Although the video is a little tongue in cheek, Pinal's recommendations are very real: I've encountered plenty of scenarios where these solutions fixed slow queries.  Will these recommendations fix the problem in every situation?  Of course not, but they are a great place to start.

Instead of creating a text version of the concepts covered in the video (you should really watch it), I thought it would be fun to do a behind-the-scenes narrative of how the video came together because it is unlike any other project I've done before.

The Idea

After agreeing to make a video together, we tossed around a few ideas.  Because we live in different time zones, we thought it would be a fun to do something where I kept waking Pinal up in the middle of the night.

We iterated over what SQL Server examples to use (originally the second example was going to show my queries running out of space because autogrowth being turned off).  We also ended up adding another example after my wife suggested that having it build to three scenarios instead of two would be funnier - I agree!

Asynchronous Filming

You've probably already figured it out, but I didn't really wake Pinal up in the video (honestly, I think midnight would be too early to wake him up anyway; in our back and forth emails, I was seeing responses from him that were in the 1-2am range).

I filmed a preliminary version of my parts of the video, very roughly edited them together, and sent it over to Pinal.
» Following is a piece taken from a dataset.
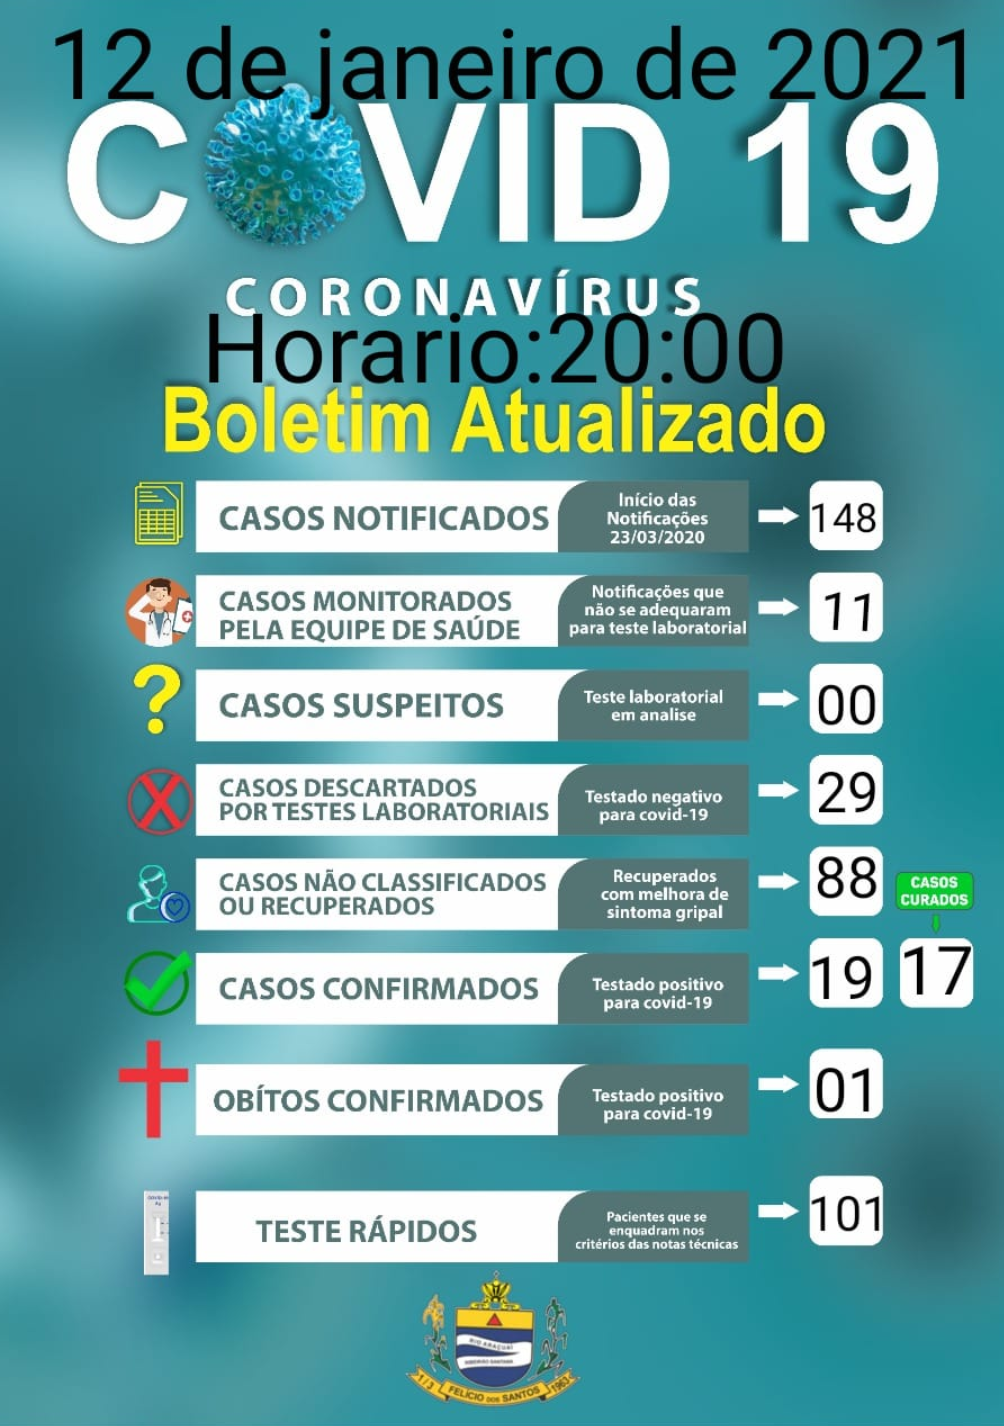 Boletim covid-19,12 de Janeiro de 2021.

He then filmed his segments, giving me lots of great footage (I'm not sure if it was ad-libbed or not, but I was dying of laughter when watching through his clips).

Then I re-filmed my parts to try to match his dialog as closely as possible.  Re-filming my parts also allowed me to self-edit and not ramble as much.

Everything Else

After that, it was just the usual process of editing, color correction, audio processing, etc...

I'm happy with how it turned out, especially given all of the technical challenges we had with filming separately.

Major thanks again to Pinal for being supportive and willing to make a fun SQL Server video.  Enjoy!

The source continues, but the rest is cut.